My early love developed into a passion for writing contemporary romance novels. Now, as an adult who has experienced reality (not like my wildly naïve fourteen-year-old self) my characters overcome tough odds, with real (and dark) obstacles. However, the rewards are sweeter.

My heroes who are swoon-worthy and handsome and gentle, who have their own issues. No domineering alpha-males from me – I’ll leave those to many other wonderful authors I know and adore. My heroines are less than perfect with a very select few she’ll call friends. She’s neither popular nor outgoing but deeply loved by those lucky enough to know her.

Right now I am hard at work on the wrap up to Duly Noted & That Summer. I’m also tinkering on a novella which follows after Ask Me Again as I’ve received many emails from readers asking for more from Charlotte and Company.

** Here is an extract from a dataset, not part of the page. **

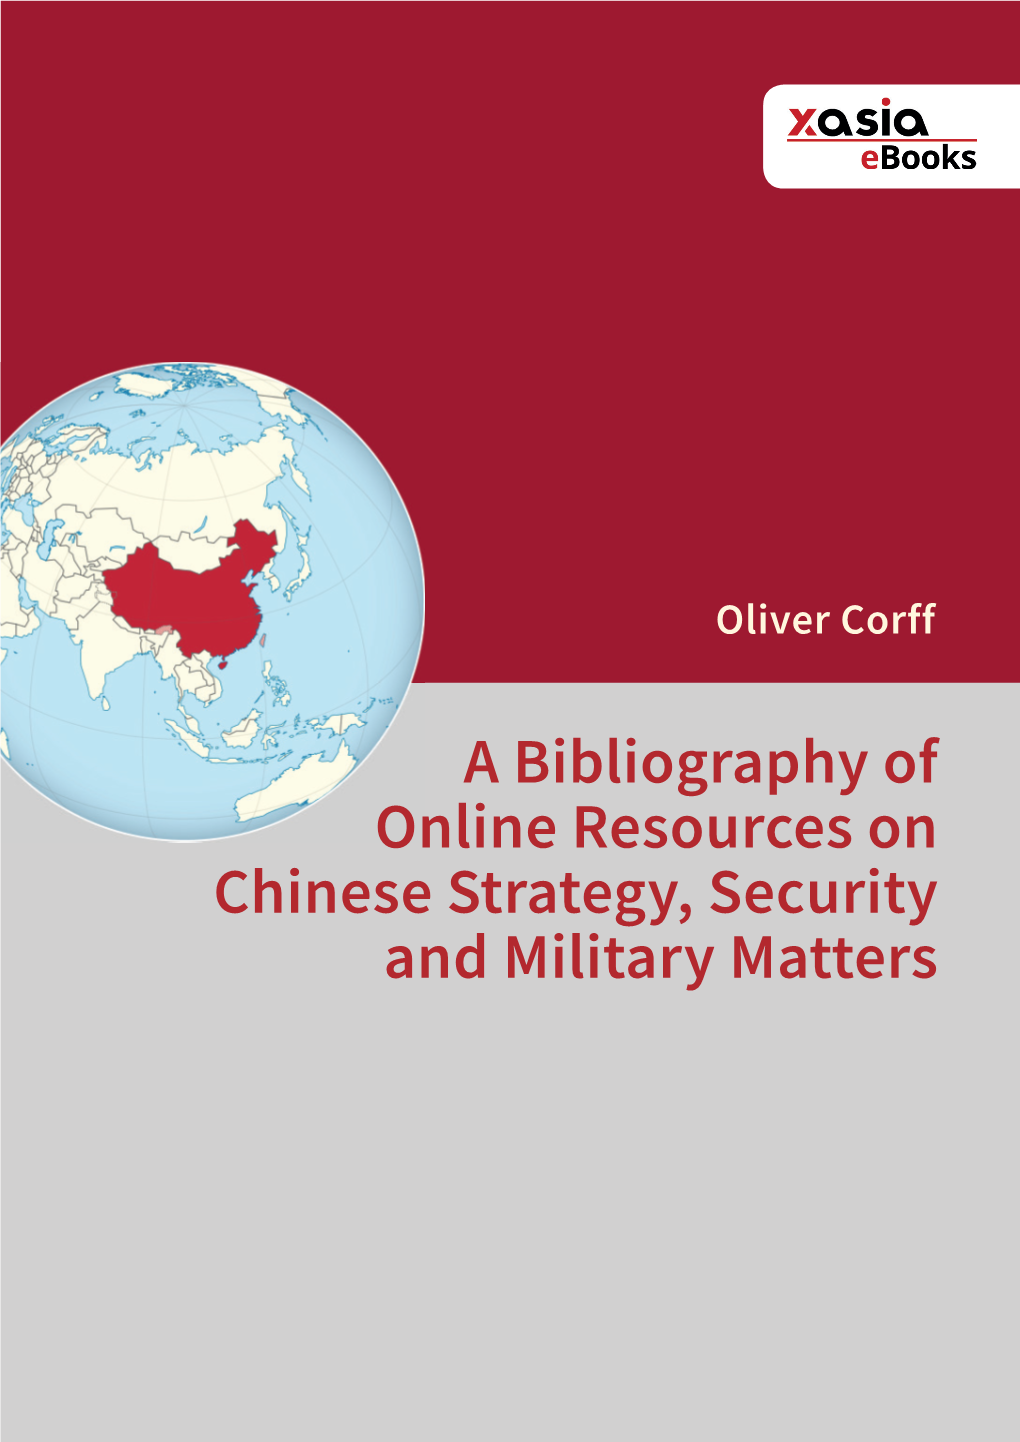 A Bibliography of Online Resources on Chinese Strategy, Security and Military Matters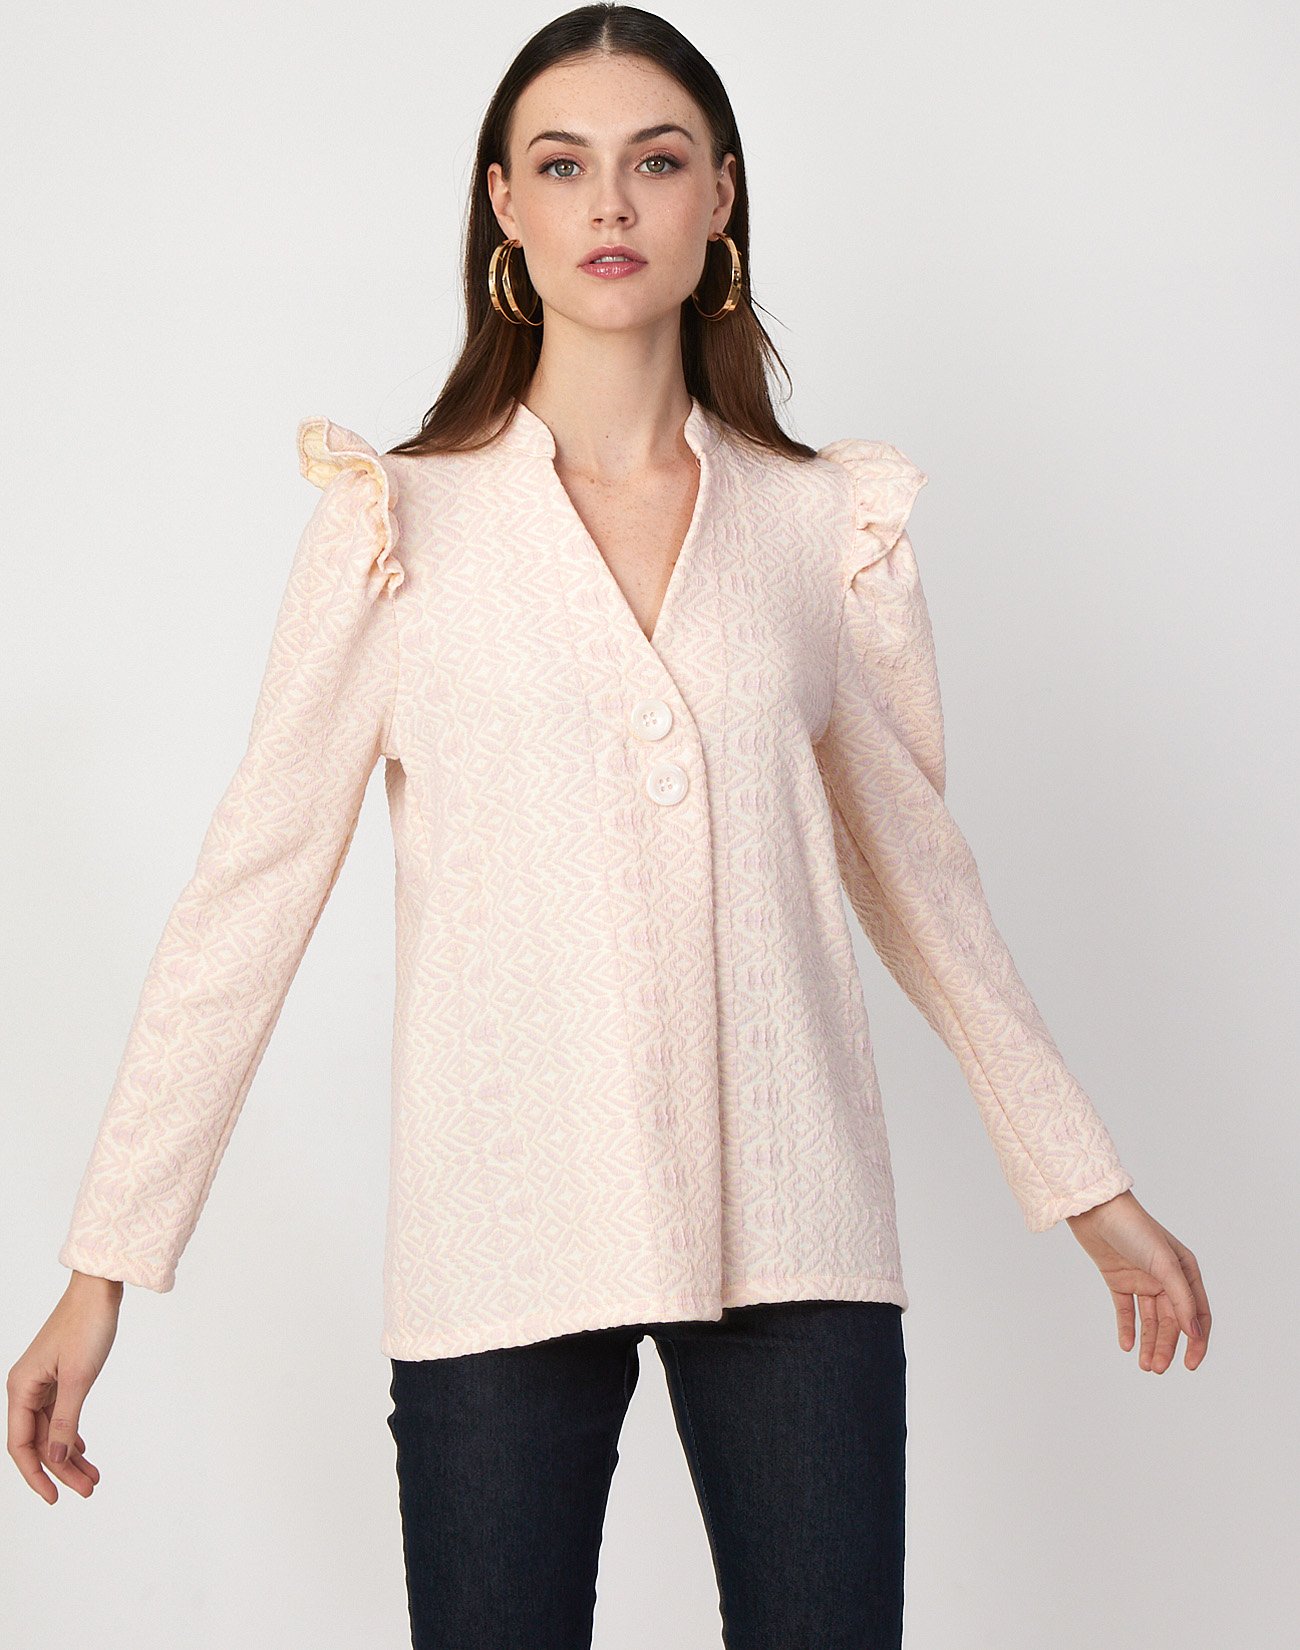 Jacquard top with buttons

It’s because of wonderful readers that I continue to write and develop my stories. I absolutely adore it when readers connect with me on twitter (@HM_Shander) because I’m very chatty on there, more so than my Facebook page (hmshander). However, regardless of the way you contact me, I’m sure to respond.

Thank you for taking the time to contact me, for posting your rating and/or review (because it truly helps an indie author like me) and for reading. Thank you to all the readers and bloggers who love my stories and share that with their friends, family and followers.

You can purchase, That Summer, on The Kobo Store, iTunes, Smashwords, Barnes & Noble and Amazon.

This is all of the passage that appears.